Procédure contentieuse antérieure :

Le préfet du Val-d'Oise a demandé au tribunal administratif de Cergy-Pontoise d'annuler la délibération en date du 16 novembre 2018 par laquelle le conseil municipal de Villiers le Bel a mis en place le régime indemnitaire tenant compte des fonctions, des sujétions, de l'expertise et de l'engagement professionnel (RIFSEEP) des agents de la commune.

Par un jugement n° 1903214 du 10 octobre 2019, le tribunal administratif de Cergy-Pontoise a rejeté sa demande.

Procédure devant la Cour :

Par une requête enregistrée le 9 décembre 2019 et un mémoire en réplique enregistré le 14 janvier 2021, le préfet du Val-d'Oise demande à la cour :

1° d'annuler ce jugement ;

2° d'annuler la délibération du conseil municipal de Villiers le Bel en date du 16 novembre 2018.

Le préfet du Val-d'Oise soutient que :

- en application de l'article 88 de la loi du 26 janvier 1984 issu de la loi du 20 avril 2016 et de la jurisprudence du Conseil constitutionnelle, l'instauration du RISEEP ne peut se faire qu'en établissant deux parts dont le complément indemnitaire annuel (CIA) lié à l'engagement professionnel et à la manière de servir ;

- en limitant le plafond du CIA à un euro sans modulation, la commune de Villiers le Bel neutralise la mise en œuvre d'un dispositif qui doit prendre en compte la manière de servir des agents et n'est donc pas conforme aux objectifs de la loi qui l'instaure.

...................................................................................................................
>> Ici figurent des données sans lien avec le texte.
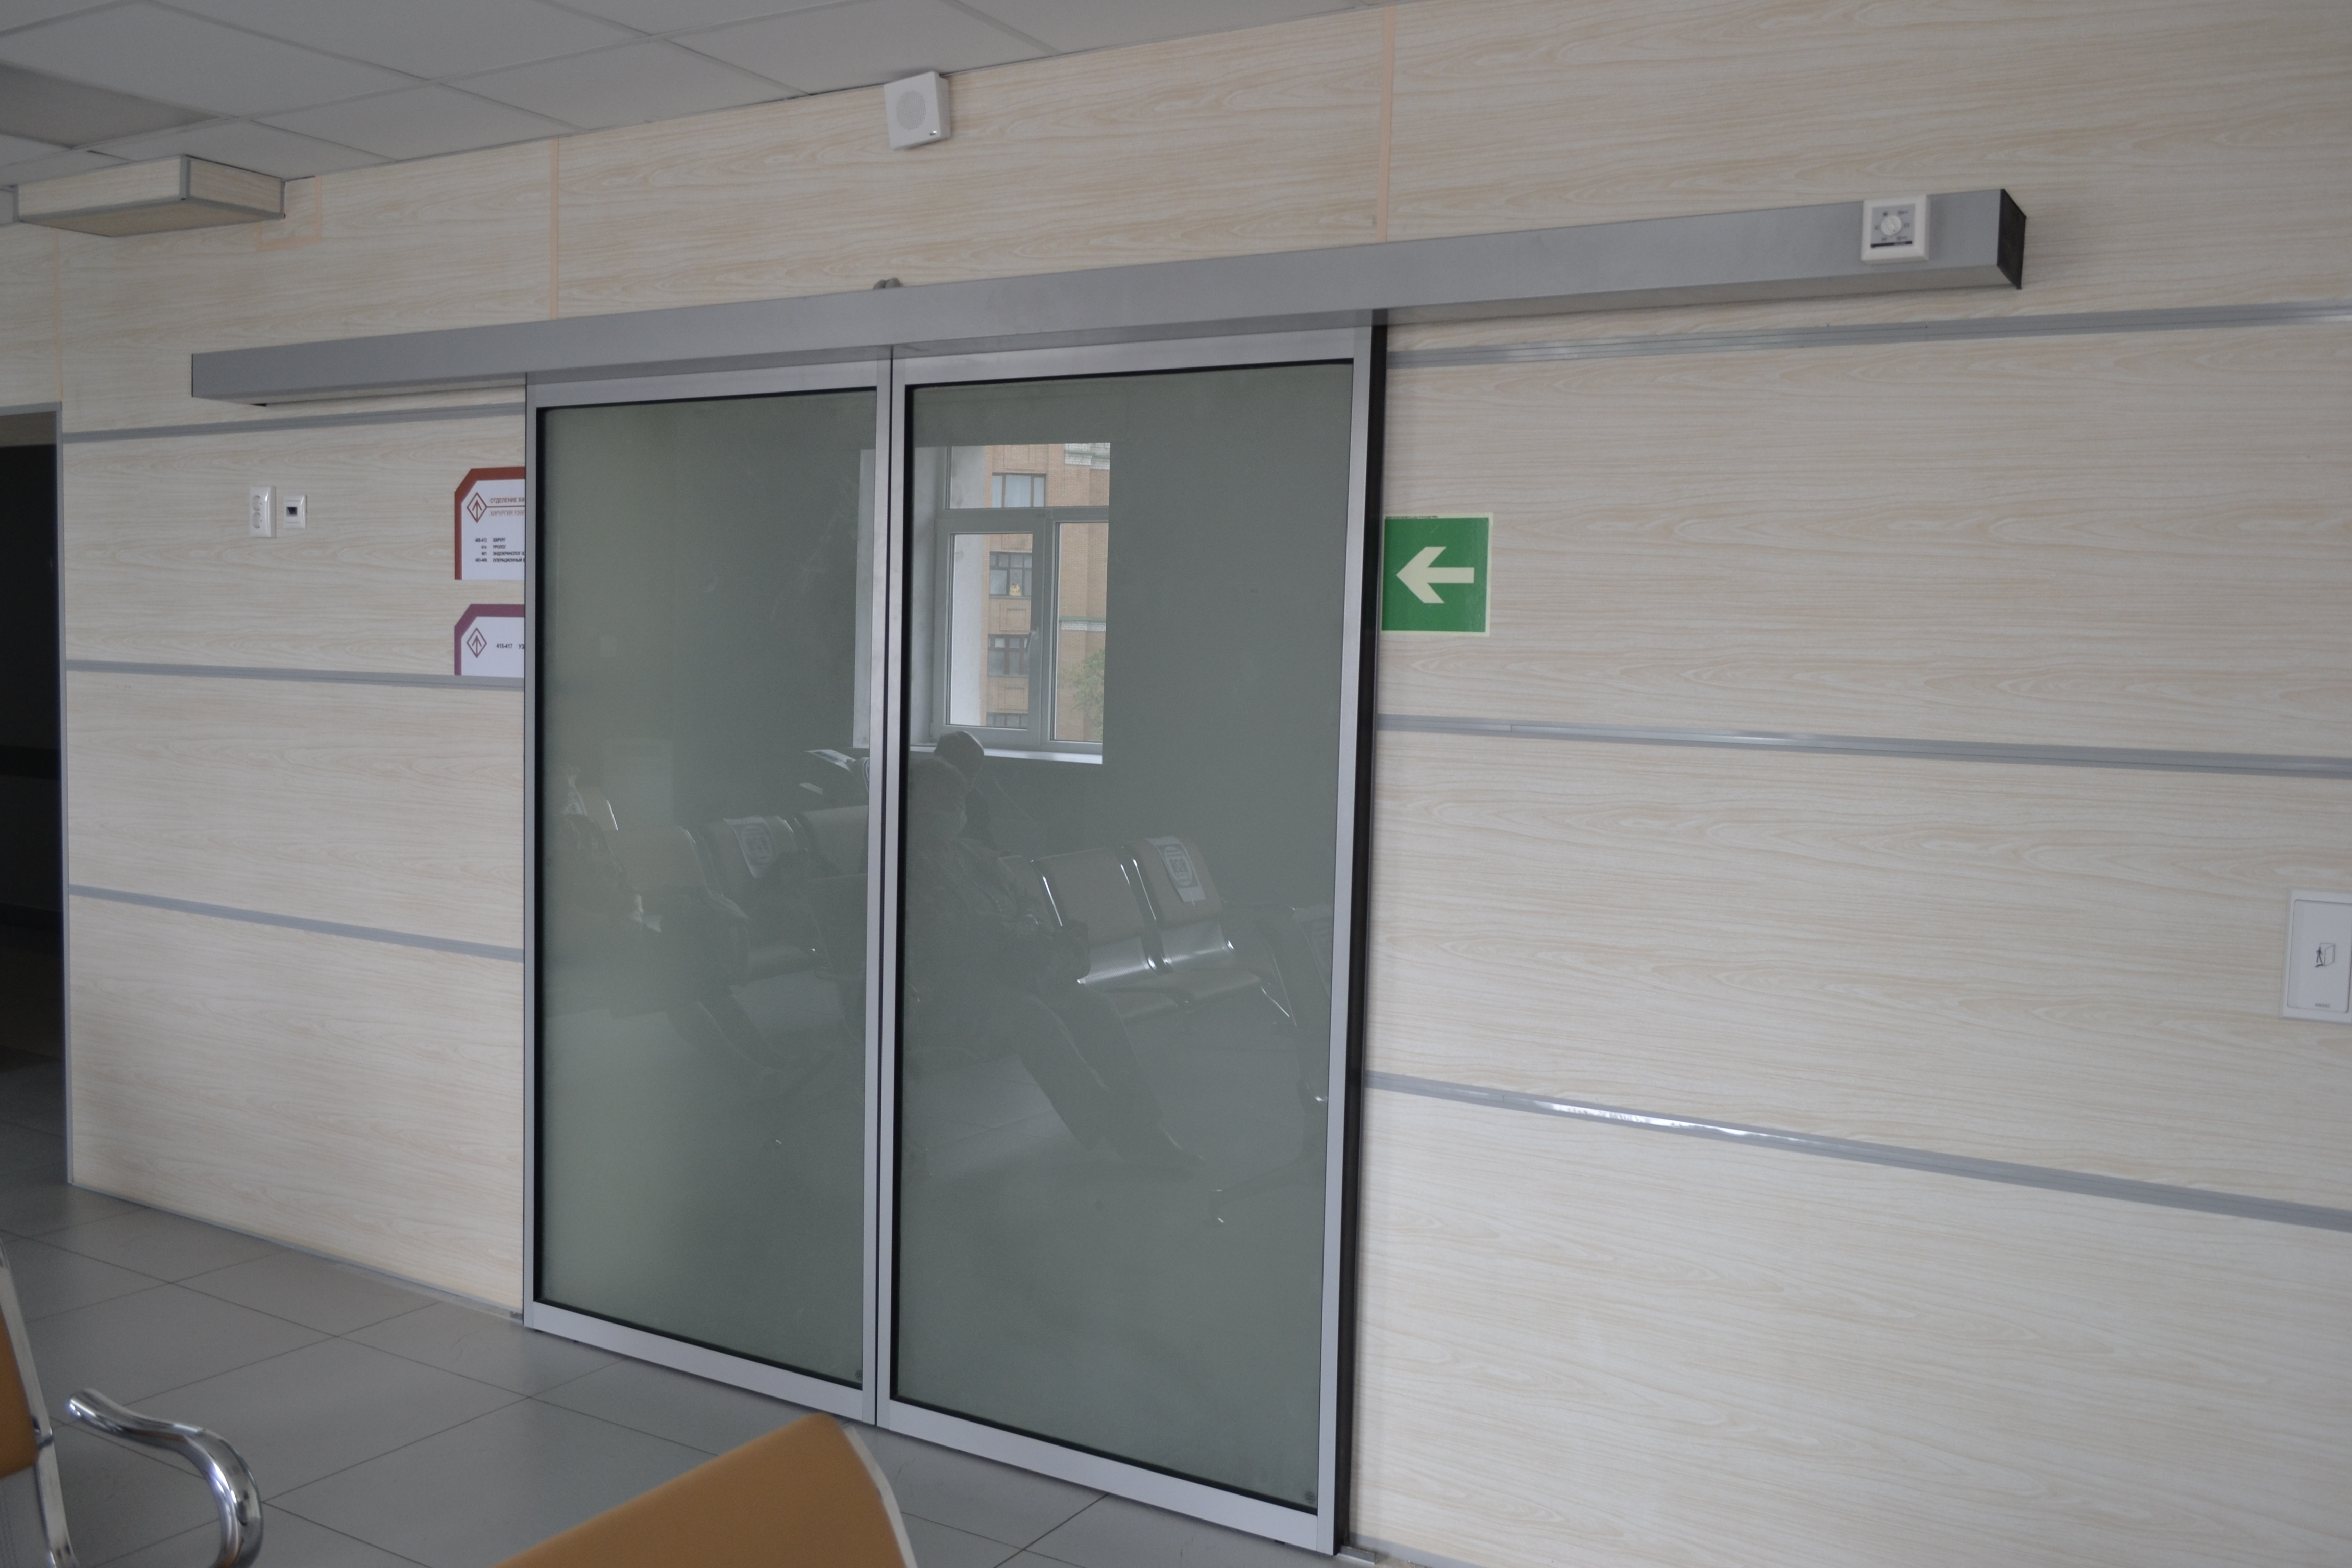 Автоматические двери в больнице от ГК "Дверные Системы" - 1

Vu les autres pièces du dossier.

Vu :

- la loi n° 84-16 du 11 janvier 1984 portant dispositions statutaires relatives à la fonction publique de l'Etat ;

- la loi n° 84-53 du 26 janvier 1984 portant dispositions statutaires relatives à la fonction publique territoriale ;

- le décret n° 91-875 de 6 septembre 1991 pris pour l'application de l'article 88 de la loi du 26 janvier 1984 ;

- le décret n° 2014-513 du 20 mai 2014 portant création d'un régime indemnitaire tenant compte des fonctions, des sujétions, de l'expertise et de l'engagement professionnel dans la fonction publique de l'Etat ;

- le code de justice administrative.

Les parties ont été régulièrement averties du jour de l'audience.
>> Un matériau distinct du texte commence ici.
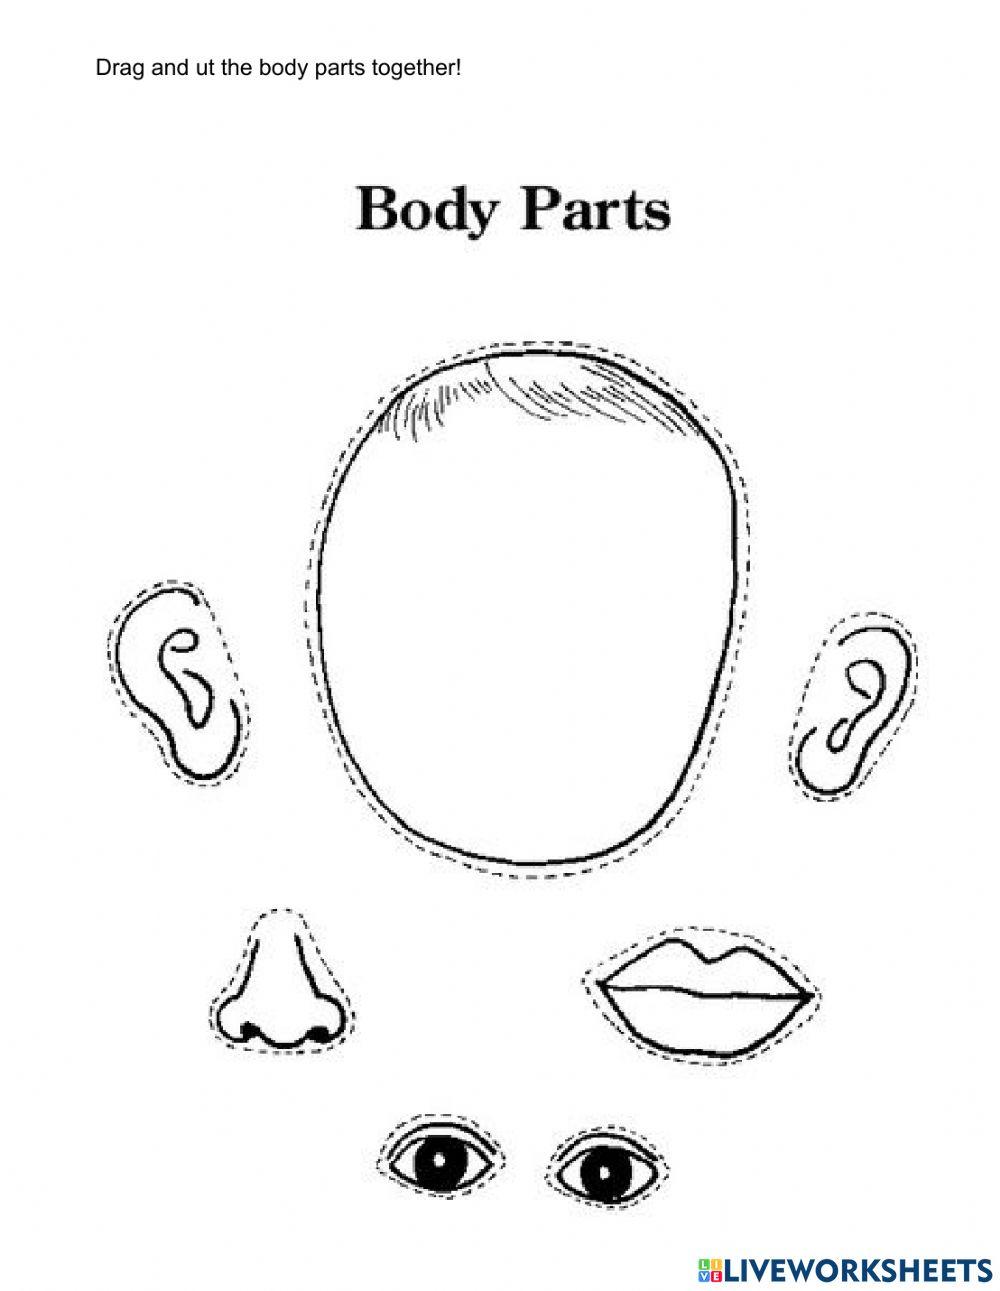 Face parts
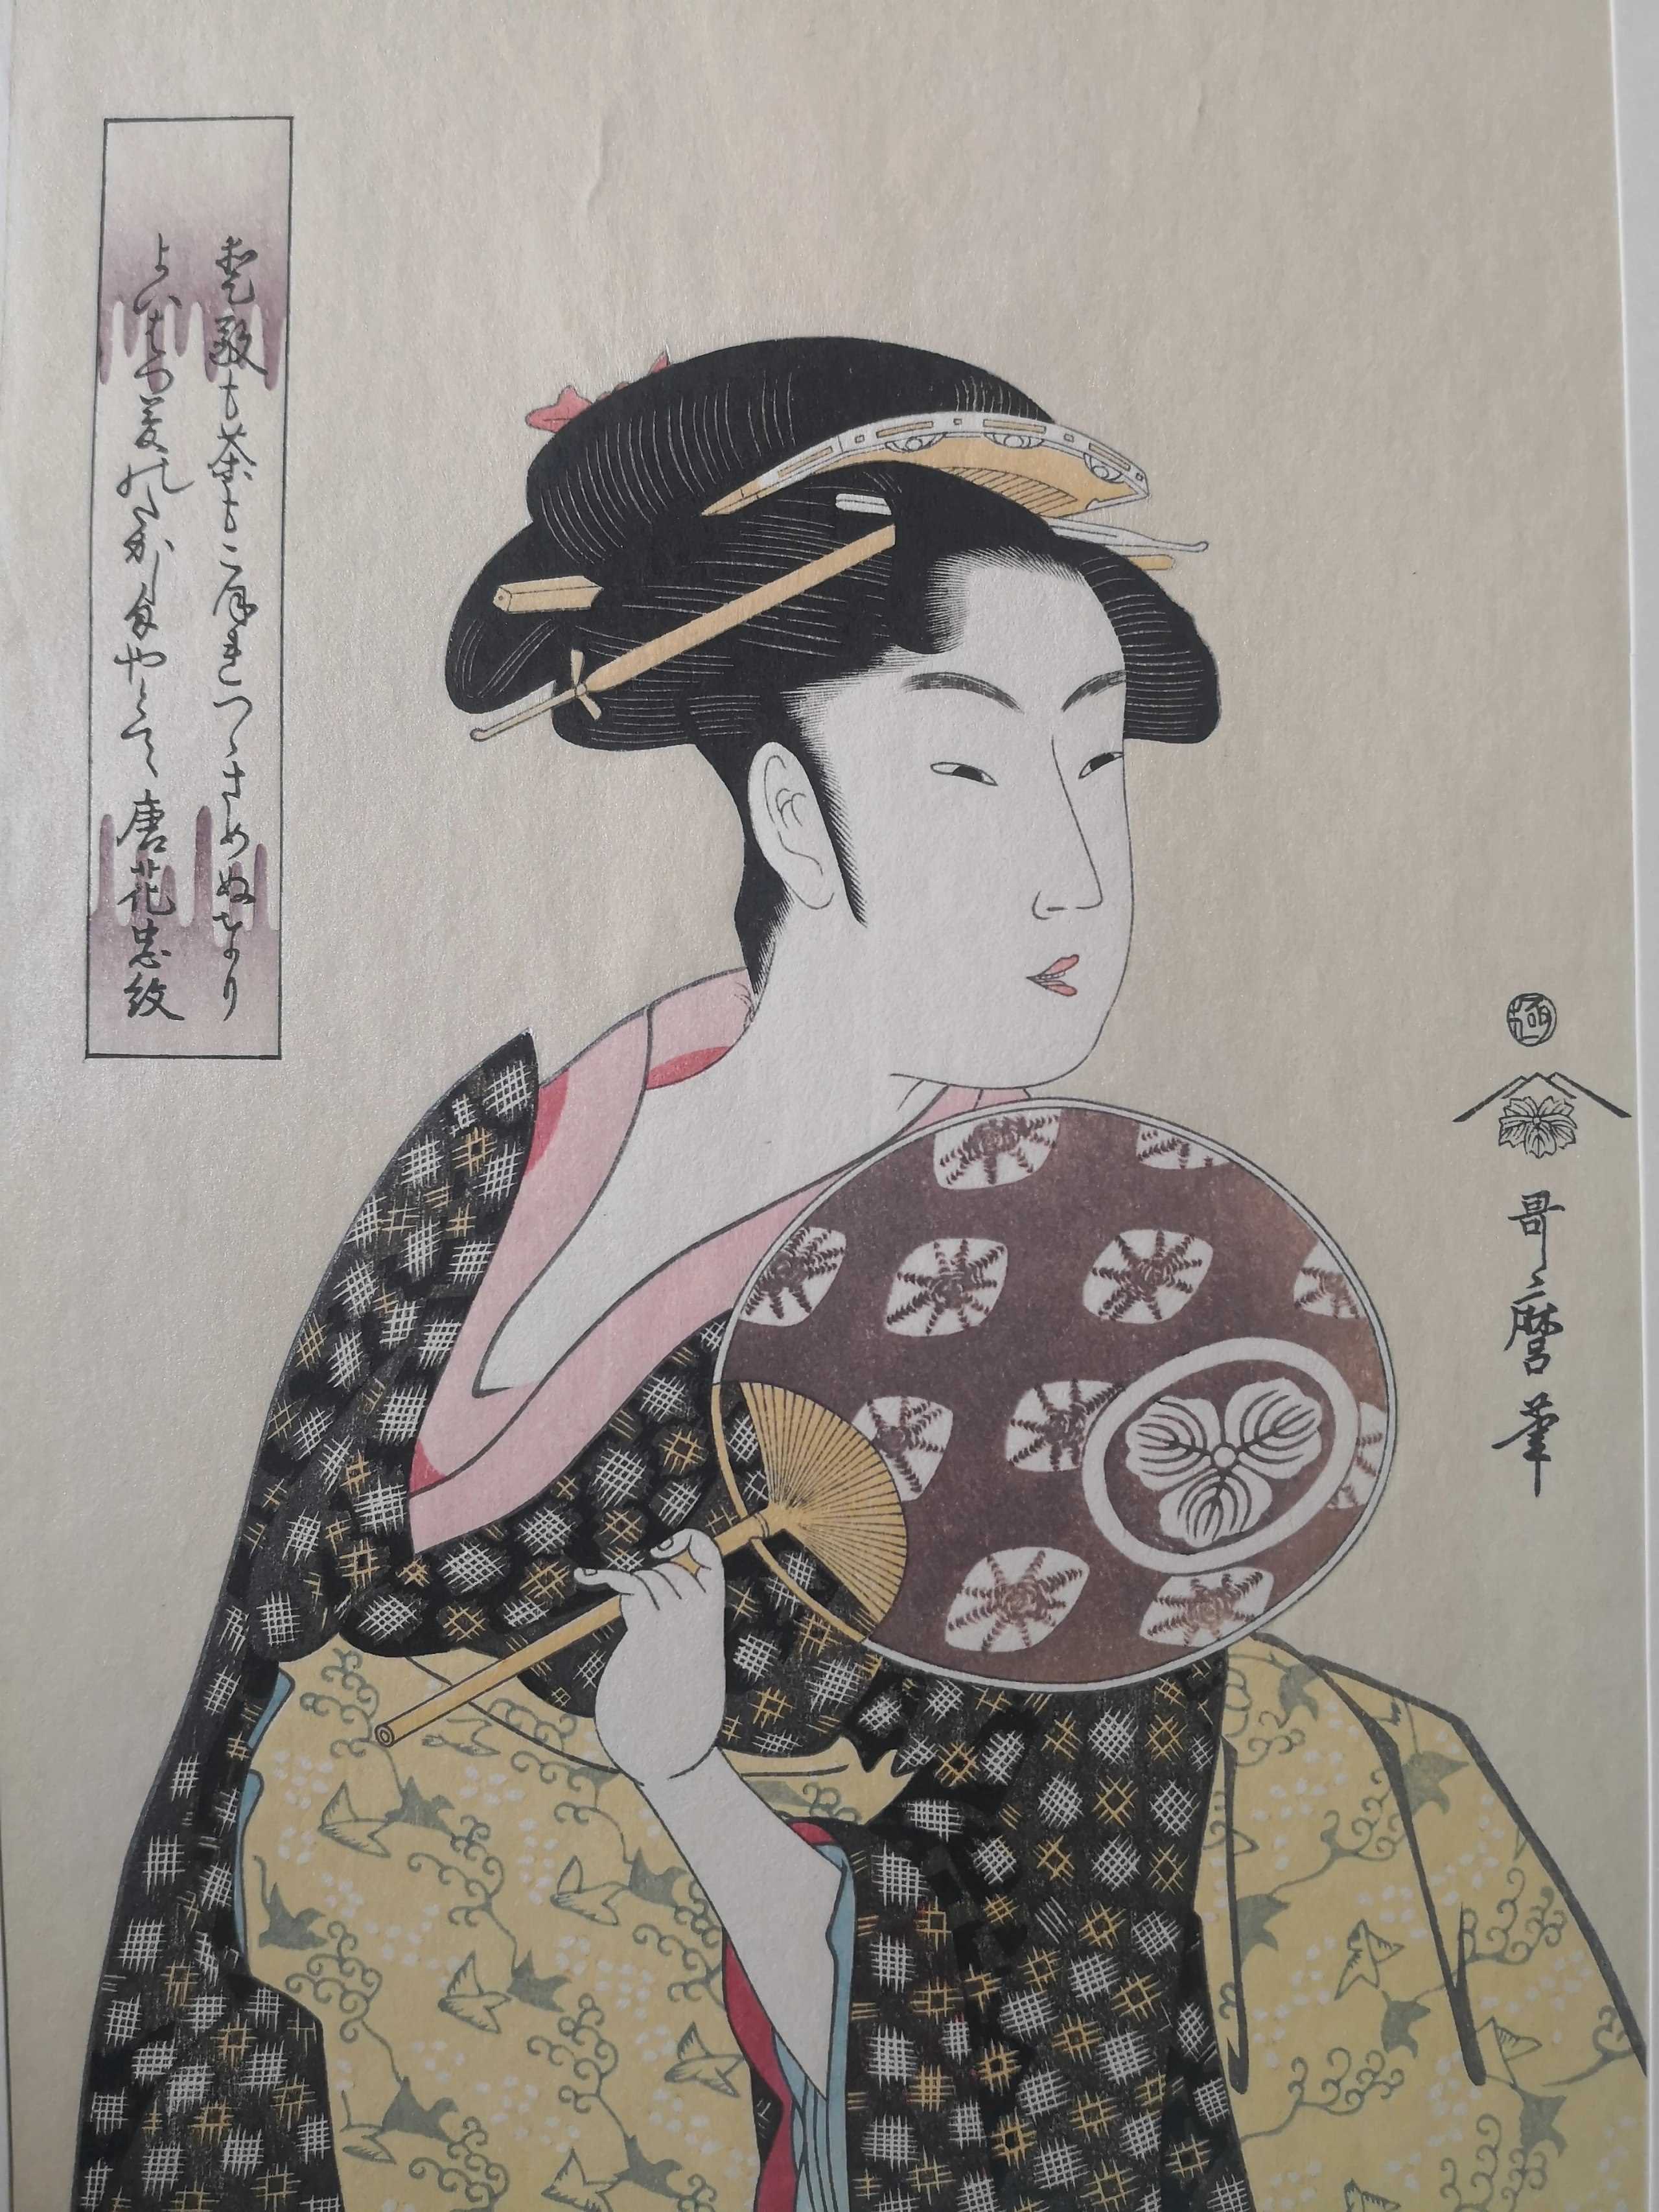 喜多川歌麿持扇美人图珍贵手工木刻浮世绘版画

Ont été entendus au cours de l'audience publique :

- le rapport de Mme B...,

- les conclusions de M. Bouzar, rapporteur public,

- et les observations de Me A..., substituant Me C..., pour la la commune de Villiers le Bel.

Considérant ce qui suit :

Sur la fin de non-recevoir soulevée par la commune de Villiers le Bel :

1. Aux termes de l'article R. 411-1 du code de justice administrative : " La juridiction est saisie par requête. (...). Elle contient l'exposé des faits et moyens, ainsi que l'énoncé des conclusions soumises au juge. L'auteur d'une requête ne contenant l'exposé d'aucun moyen ne peut la régulariser par le dépôt d'un mémoire exposant un ou plusieurs moyens que jusqu'à l'expiration du délai de recours. "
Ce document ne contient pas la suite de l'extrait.